====== Data supplied ======
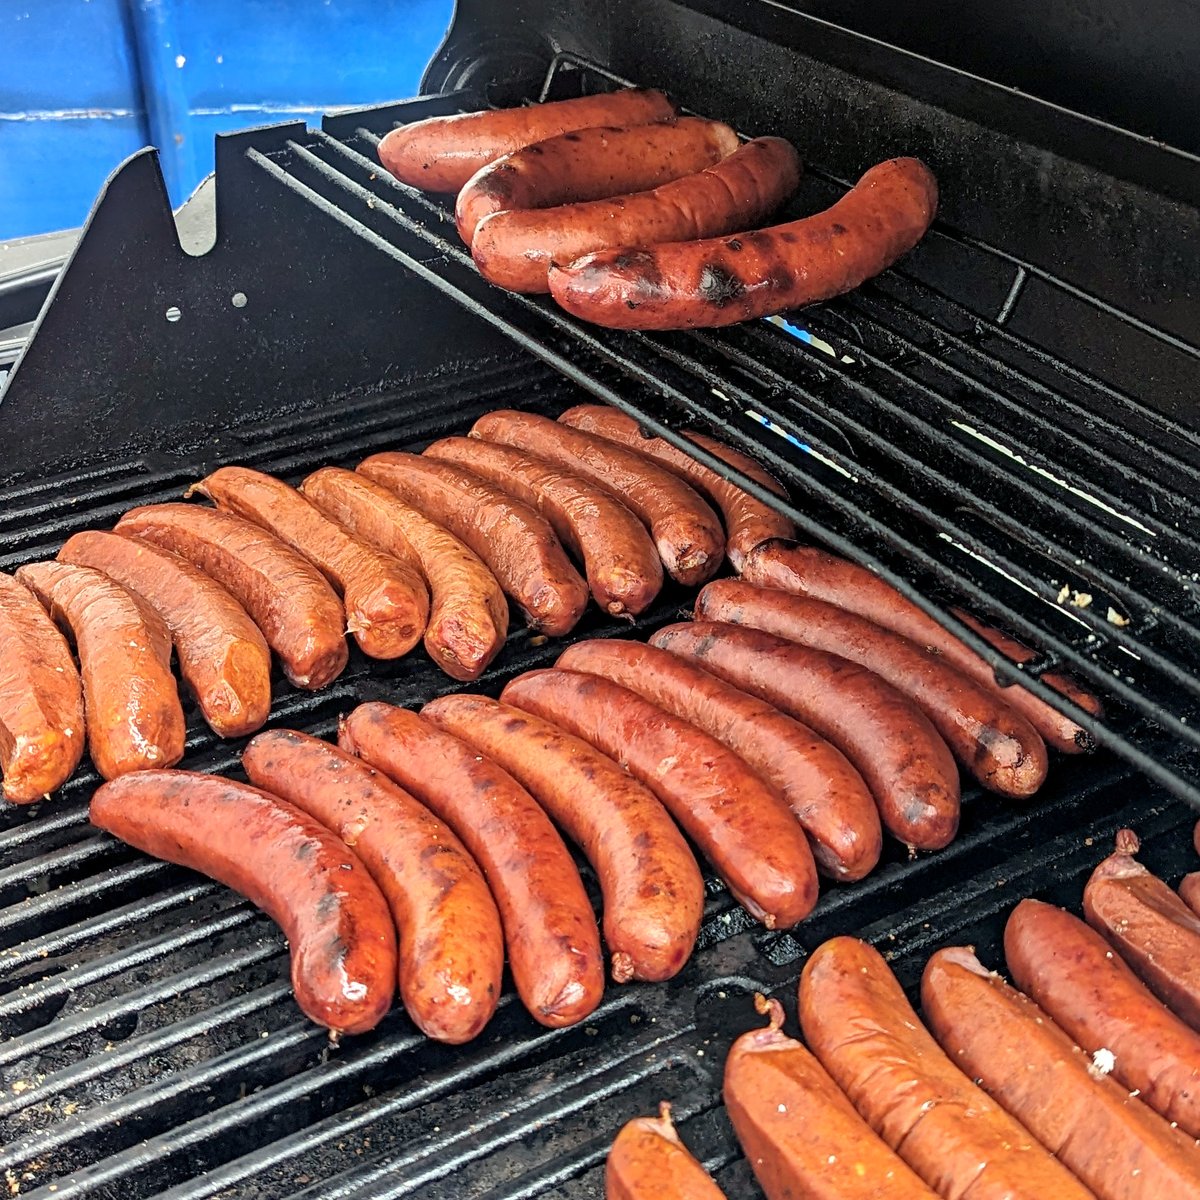 DeWalt Day isn't the only thing going on at #KMSTools #Coquitlam today! The #BBQ is loaded, and the air smells delicious!!
Come on down for lunch on us, and support #YouthUnlimited in their work with at-risk youth locally, and abroad!
🌭🛠️
#SupportYouth
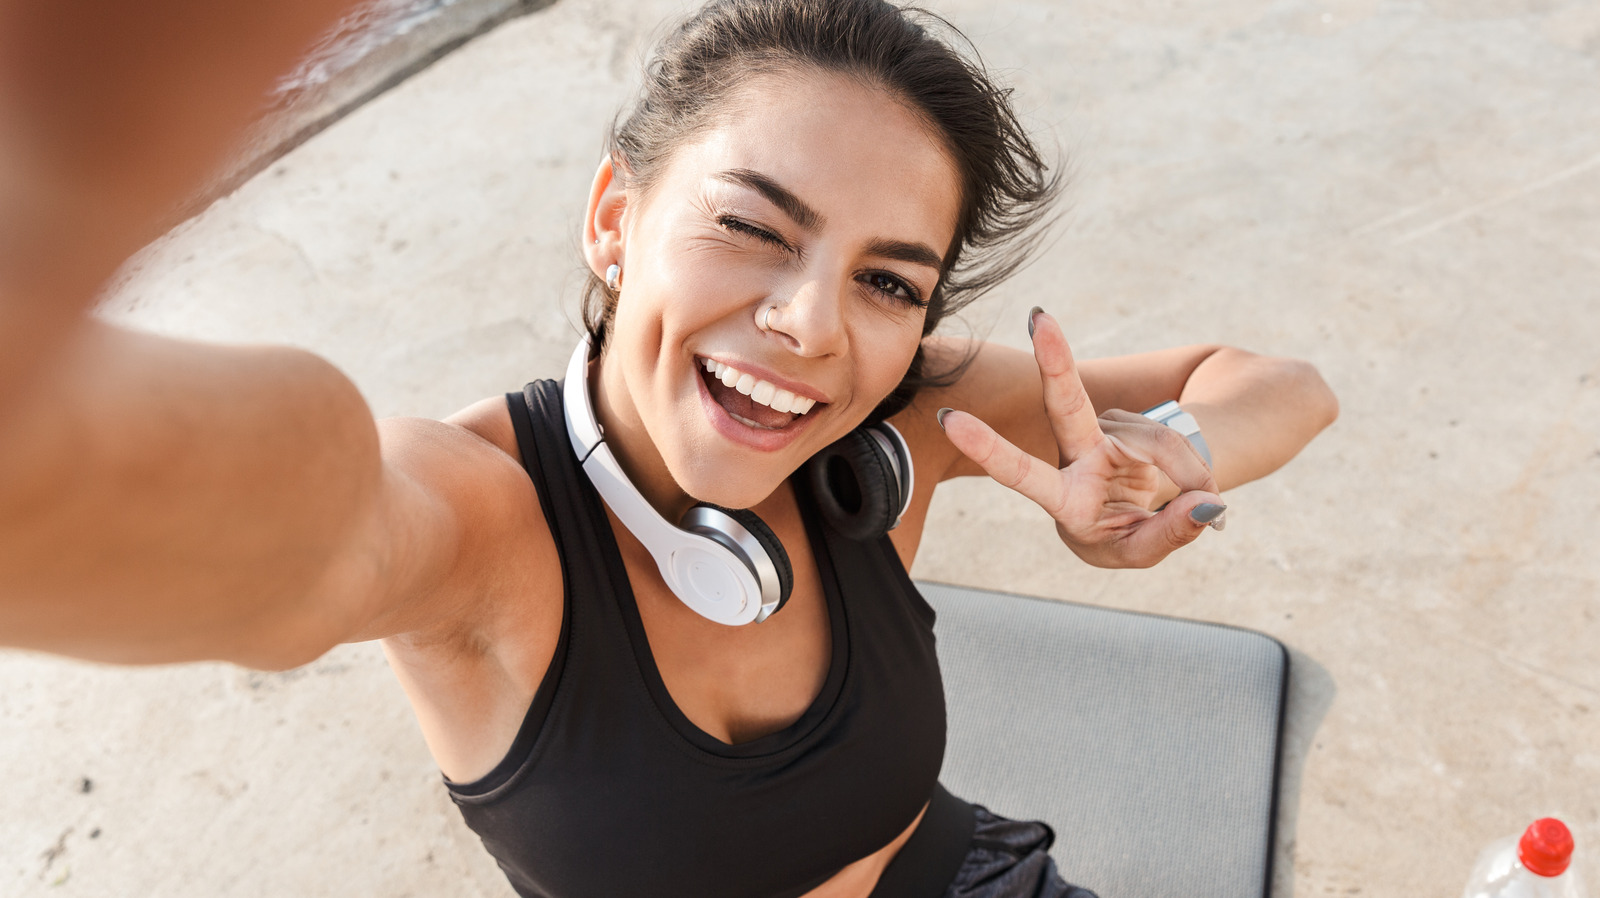 It's time to wear the best sports bra & fit for that workout you
======
### Work instructions:
Copy every entry exactly, leaving out the pictures.

### Finished task:
 DeWalt Day isn't the only thing going on at #KMSTools #Coquitlam today! The #BBQ is loaded, and the air smells delicious!!
Come on down for lunch on us, and support #YouthUnlimited in their work with at-risk youth locally, and abroad!
🌭🛠️
#SupportYouth
 It's time to wear the best sports bra & fit for that workout you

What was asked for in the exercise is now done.